When (and If) to Rebalance After a Bull Run
Should you rebalance after a bull run? Learn when it makes sense, avoid costly mistakes, and optimize your long-term returns.
Key Factors to Consider Before Rebalancing
After a strong market rally, many investors face the same question: Should I rebalance my portfolio now or keep riding the upswing?
The answer is not simple. And more importantly, rebalancing is not always the best immediate decision.

To help you evaluate and make the best choice, here’s a complete explanation with professional insights.
What happens to a portfolio after a bull run?
During a bull market, higher-risk assets (mainly equities) tend to outperform other classes, such as bonds or cash equivalents.
This creates a phenomenon known as portfolio drift.
Practical example:
Asset Initial Allocation After Rally Stocks 60% 75% Bonds 30% 20% Cash 10% 5%
Even without doing anything, your portfolio becomes riskier.
You didn’t change your strategy—the market changed it for you.
Why rebalance?
Rebalancing helps restore the original allocation, control risk levels, realize gains, and avoid excessive concentration.
In practice, it’s the classic move: Sell part of what went up and buy what lagged behind.
But be careful: rebalancing too early can be costly.
A common mistake among U.S. investors is automatically rebalancing after any significant gain.
This can cut long-term returns, reduce exposure to strong trends, and increase costs from fees and taxes.
Real case: post-2020 tech rally
After the rally in big tech (Apple, Microsoft, Nvidia), many investors reduced exposure too early.
Result: they missed a significant portion of the continued rally and became underallocated in winning sectors.
When does it make sense to rebalance?
Here are 3 main triggers:
1. Significant allocation drift (threshold-based)
A common rule in the U.S. market is the 5% rule.
If an asset deviates more than 5 percentage points from its original allocation, rebalancing may be considered.
Example:
- target: 60% stocks
- current: 68%
👉 possible rebalance
2. Change in risk profile
If your situation changes—such as with approaching retirement or income changes—it may make sense to reduce risk, regardless of the market.
3. Relevant macroeconomic events
Environments such as Fed rate hikes, looming recession, or persistent inflation may justify strategic adjustments.
When NOT to rebalance?
Not every rally requires action. Situations where it may make sense to stay put:
- Long-term horizon (10+ years)
- Gains supported by strong fundamentals
- Low liquidity needs
In many cases, doing nothing is an active decision.
Rebalancing strategies
1. Calendar-based (time-based)
- Quarterly
- Semiannual
- Annual
✔ Simple
❌ Ignores market conditions
2. Threshold-based (deviation-based)
- Based on percentage drift
✔ More efficient
✔ Responsive to market
3. Hybrid approach
Combines time + deviation
👉 Considered the most robust
Comparison table:
| Strategy | Advantage | Disadvantage |
|---|---|---|
| Calendar | Simplicity | May be inefficient |
| Threshold | Precision | Requires monitoring |
| Hybrid | Balance | More complex |
Tax impact (critical in the U.S.)
Example:
- Sell before 1 year → higher tax
- Sell after 1 year → lower tax
👉 This directly affects decision-making.
Smart alternative: rebalance with new contributions
Instead of selling assets, many investors choose to:
👉 Direct new contributions into underweighted asset classes.

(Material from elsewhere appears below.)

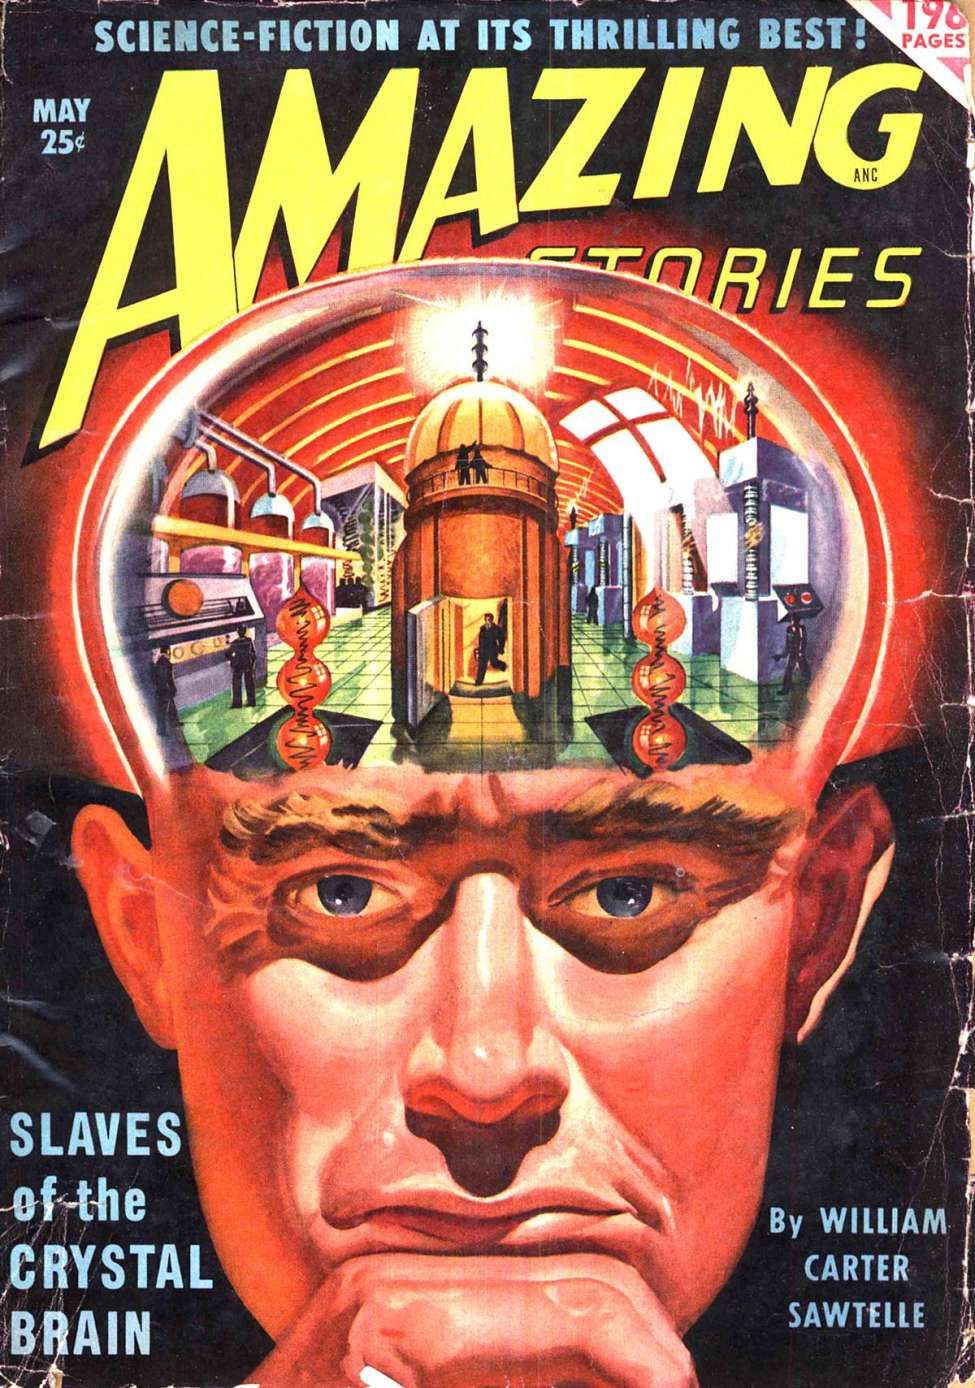 Book Cover For Amazing Stories v24 5 - Slaves of the Crystal Brain - William Carter Sawtelle

Example: portfolio overweight in stocks New investments go into bonds.
This approach avoids taxes and maintains strategy.

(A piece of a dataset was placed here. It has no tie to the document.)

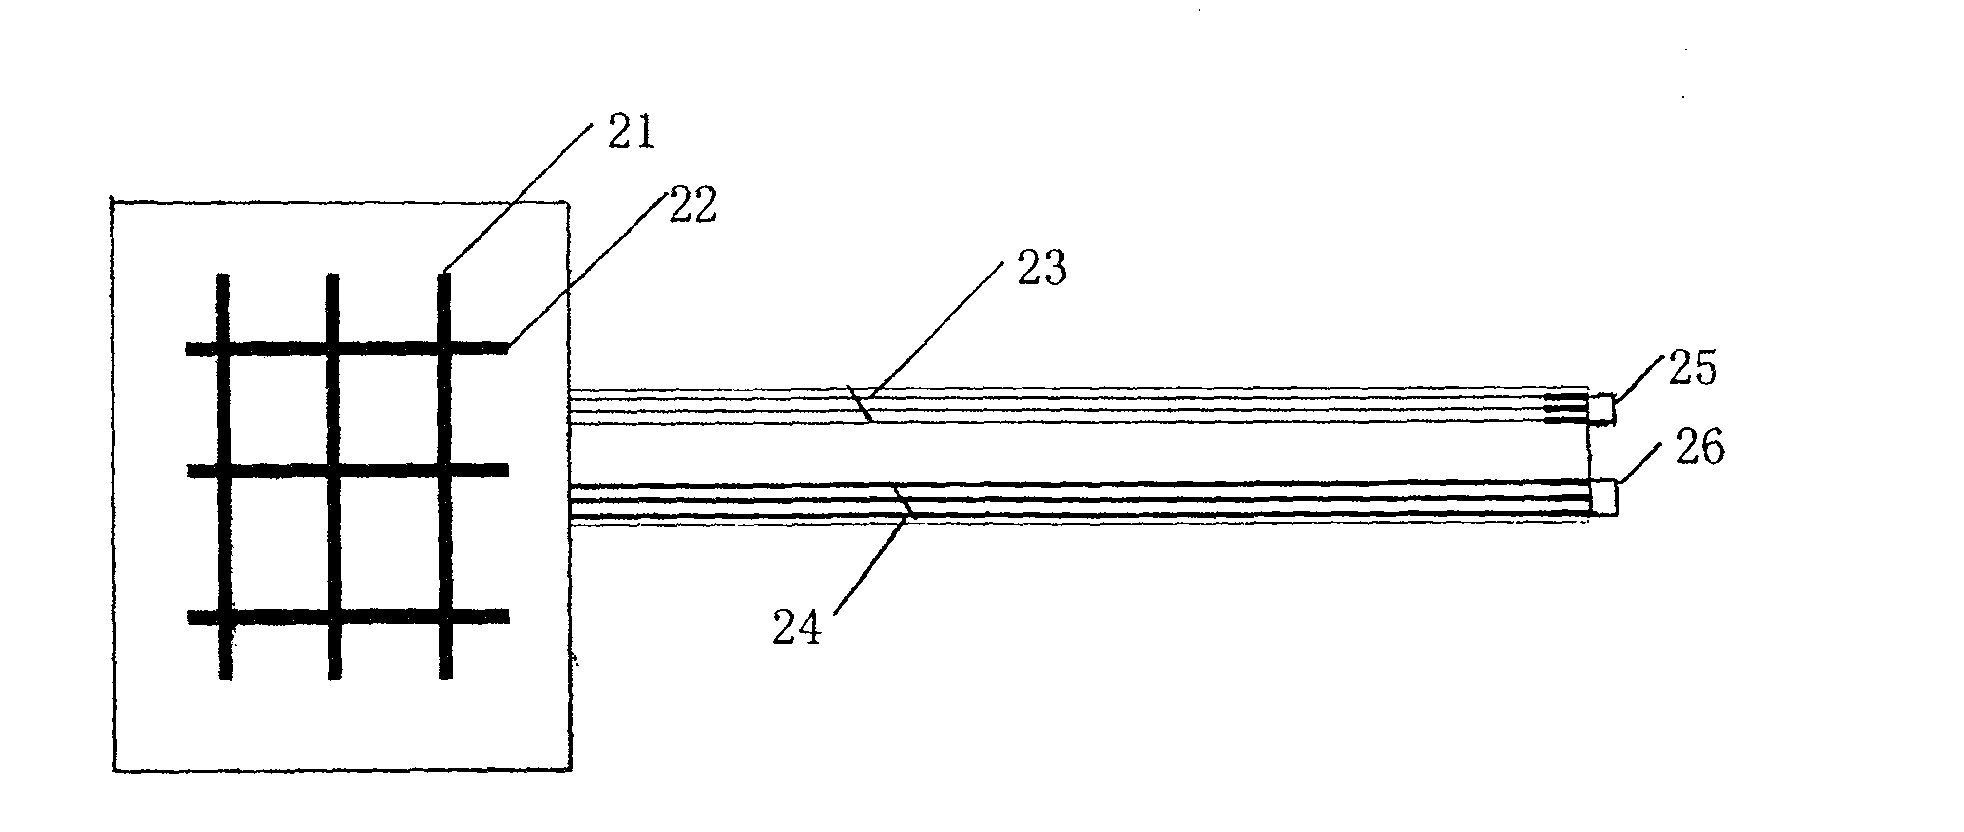 System for monitoring curved surface interlaminar extrusion pressure based on array type ultra-thin submissive force sensor

Case example: ETF investor in the U.S.
John invests in:
- VOO (S&P 500)
- BND (bonds)
After a bull run: Stocks went from 60% to 72%.
Instead of selling, he directed new contributions to BND. Result: gradual rebalancing without triggering tax events.
Risk of overtrading
Rebalancing too frequently can lead to higher costs, emotional decisions, and reduced efficiency.
The role of diversification
After a rally, many portfolios become concentrated in tech and large caps.
Rebalancing can help redistribute risk and include small caps, international assets, or bonds.
Practical decision framework
Before rebalancing, ask yourself:
- Has my portfolio significantly drifted?
- Has my risk profile changed?
- Are there relevant tax implications?
- Is the market in a sustainable trend?
If most answers are “yes,” → consider rebalancing. If not, it may be better to hold.
The balance between discipline and flexibility
Investing is not about reacting to every market move.
It’s about having a plan, following clear rules, and avoiding emotional decisions.
Rebalancing is a tool—not an obligation.
Conclusion
After a bull run, the urge to act is strong. But acting is not always the best move.
For U.S. investors, rebalancing should be guided by strategy, data, and tax context—not fear or euphoria.
Because in the end:
👉 The best investor is not the one who reacts fastest—but the one who decides best.